A turbine’s main function is to convert the energy of a moving fluid into mechanical energy, specifically rotational motion. That fluid can be water, steam, combustion gas, or wind. In most applications, the spinning shaft of a turbine connects to a generator that produces electricity, making turbines the core technology behind roughly 90% of the world’s power generation.

How a Turbine Converts Energy

Every turbine works on the same basic principle: a fluid pushes against a set of blades mounted on a central shaft, and the force of that fluid causes the shaft to spin. The energy starts as kinetic energy (the motion of the fluid) or thermal energy (heat and pressure in steam or gas), and the turbine transforms it into mechanical energy you can use to drive a generator, a pump, or a compressor.

Inside the turbine, rows of blades alternate between two types. The rotor blades are attached to the central shaft and spin with it. Between them sit stator blades, which are fixed in place. The stators redirect the flow of fluid so it hits the next set of rotor blades at the optimal angle, preventing the flow from spiraling uselessly around the shaft. This alternating arrangement extracts energy from the fluid in stages, squeezing more work out of each pass.

Impulse vs. Reaction Turbines

Turbines fall into two broad mechanical categories based on how the fluid interacts with the blades.

In an impulse turbine, the fluid is first accelerated through a stationary nozzle, converting pressure into a high-speed jet. That jet strikes bucket-shaped blades on the rotor, transferring its kinetic energy into rotation. The pressure drop happens entirely in the nozzle, not on the blades themselves. Pelton wheel hydroelectric turbines are a classic example: a jet of water strikes cup-shaped buckets at high velocity.

In a reaction turbine, the rotor blades themselves are shaped like small nozzles. The fluid expands and accelerates as it passes through both the stationary and moving blades, creating a push similar to air escaping a balloon. That continuous reaction force drives the rotor. Most modern steam turbines and the turbines inside jet engines use reaction designs, sometimes combined with impulse stages at the front end.

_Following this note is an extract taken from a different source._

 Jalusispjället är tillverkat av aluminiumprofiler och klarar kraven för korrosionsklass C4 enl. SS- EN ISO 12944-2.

Types of Turbines by Fluid

Steam Turbines

Steam turbines are the workhorses of electricity generation. Burning fuel (coal, natural gas, biomass) or harnessing nuclear reactions heats water into high-pressure steam, which expands through the turbine to spin the shaft. But the heat source doesn’t have to be conventional. Geothermal plants use underground steam or hot water. Waste-heat recovery systems capture energy from industrial processes like cement kilns or steel blast furnaces. Some facilities burn wood chips, used tires, or sugarcane fiber (bagasse) to produce steam, making them a form of biomass power generation.

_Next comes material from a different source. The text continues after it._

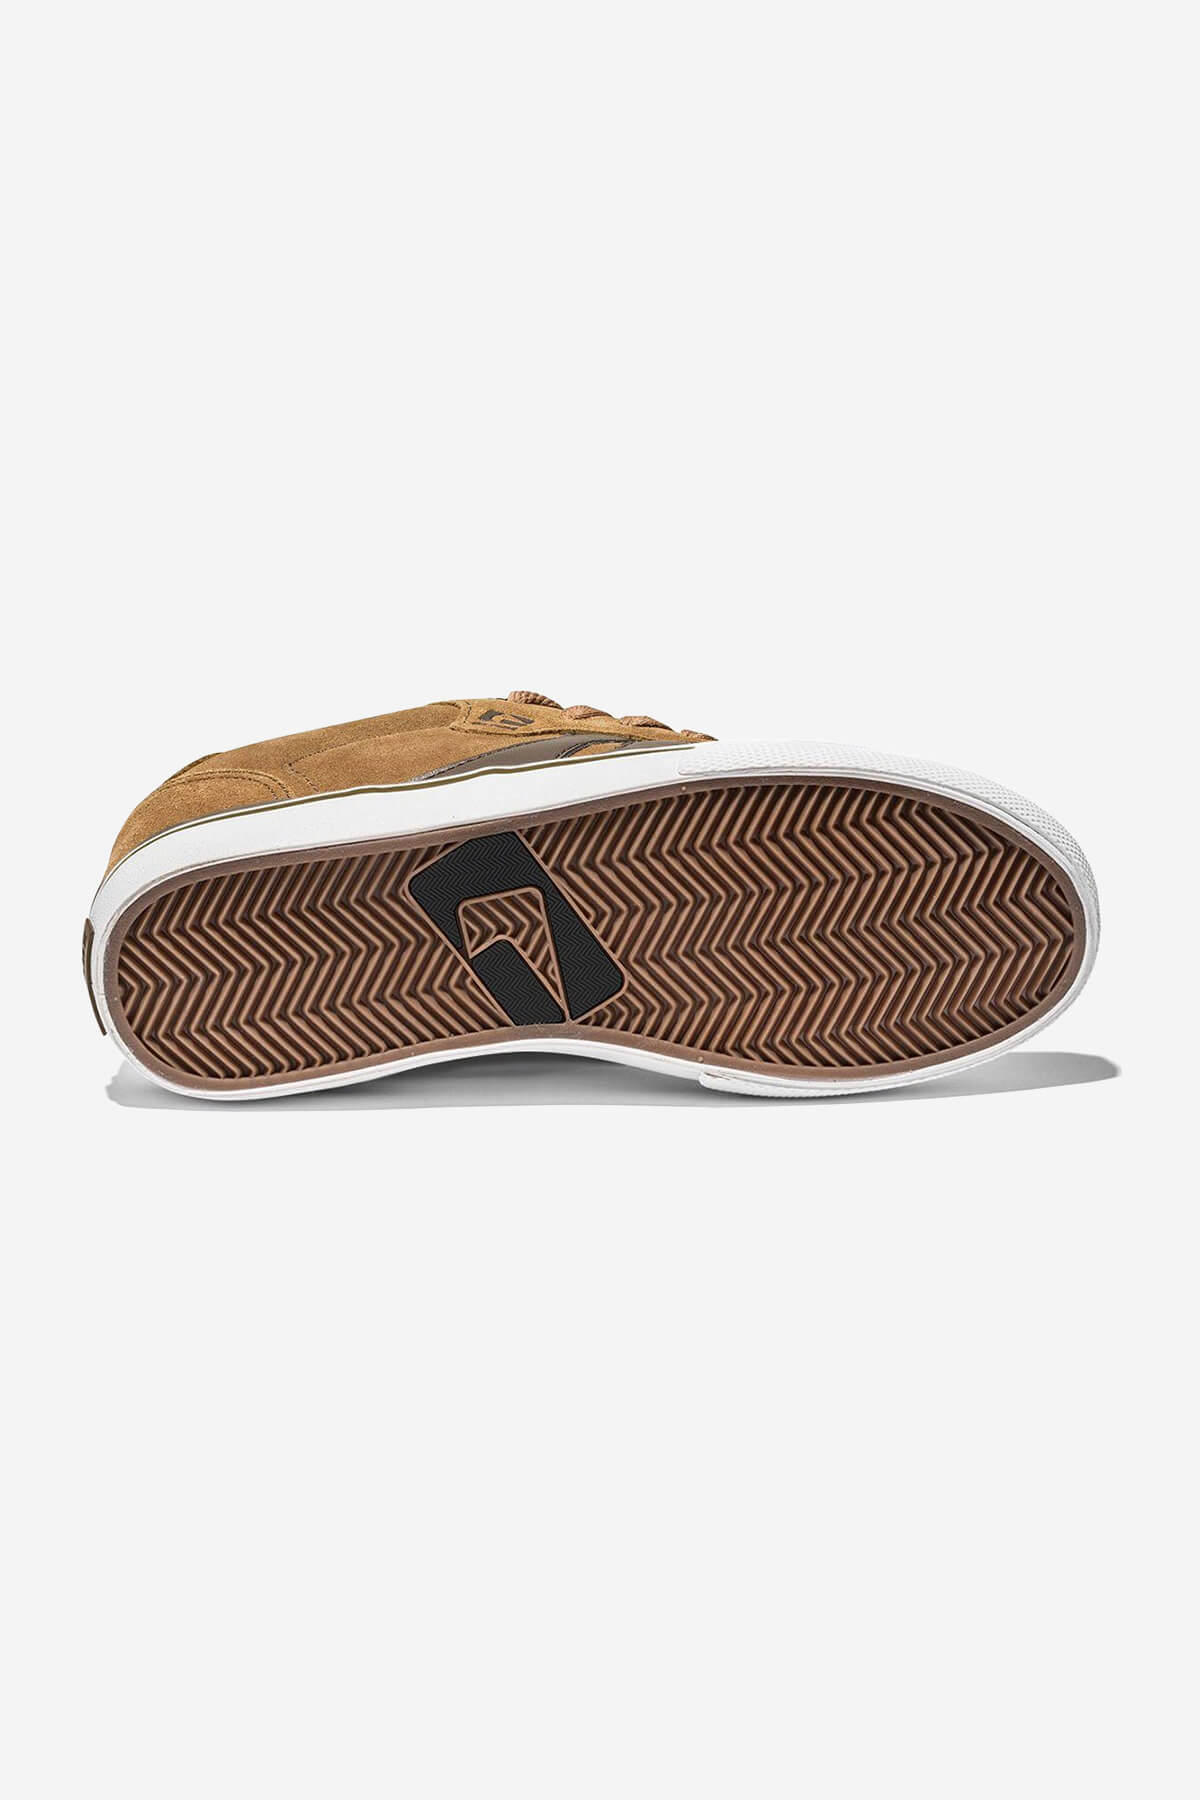 Encore-2 Tan/Brown skateboard  schoenen

One advantage of steam turbines is their flexibility. They can pair with virtually any heat source capable of boiling water, and extracted steam from the turbine can be rerouted to preheat boiler water or supply heat directly to industrial manufacturing processes. This dual use of steam for both electricity and process heat significantly improves overall plant efficiency.

Gas Turbines

Gas turbines burn fuel (typically natural gas or jet fuel) in a combustion chamber, and the hot, expanding exhaust gases spin the turbine directly. They’re the engines behind jet aircraft and a growing share of grid electricity. On their own, gas turbines convert about 35 to 40% of their fuel’s energy into electricity. But in combined-cycle power plants, the hot exhaust from the gas turbine generates steam to drive a second steam turbine, capturing energy that would otherwise be wasted.

This combined approach pushes efficiency dramatically higher. A combined-cycle plant built in Bouchain, France, using a GE gas turbine, set a Guinness record in 2016 by reaching 62.22% net electrical efficiency. Current engineering designs using steam cooling of the gas turbine and optimized compression ratios have pushed net efficiencies above 63%, with theoretical configurations exceeding 65%. For context, a traditional coal plant typically converts only about 33% of its fuel energy into electricity, so combined-cycle gas turbines represent a major leap.

Hydraulic (Water) Turbines

Hydroelectric turbines convert the energy of falling or flowing water into rotation. A dam creates a height difference, giving water gravitational potential energy. As the water drops through a penstock and hits the turbine blades, that energy becomes mechanical rotation. Hydroelectric turbines are among the most efficient energy converters available, often exceeding 90% efficiency, because water is dense and transfers its energy to the blades with very little waste.

Wind Turbines

Wind turbines capture the kinetic energy of moving air. As wind pushes against the angled blades, they rotate a shaft connected to a generator inside the nacelle (the housing at the top of the tower). Onshore wind turbines typically produce between 2 and 5 megawatts each. Offshore turbines, benefiting from stronger and more consistent winds over open water, are scaling up rapidly. The South Fork Wind Farm off the coast of New York, fully commissioned in March 2024, generates 132 megawatts as the first commercial-scale offshore wind farm in the United States. Individual offshore turbines now reach 15 megawatts or more.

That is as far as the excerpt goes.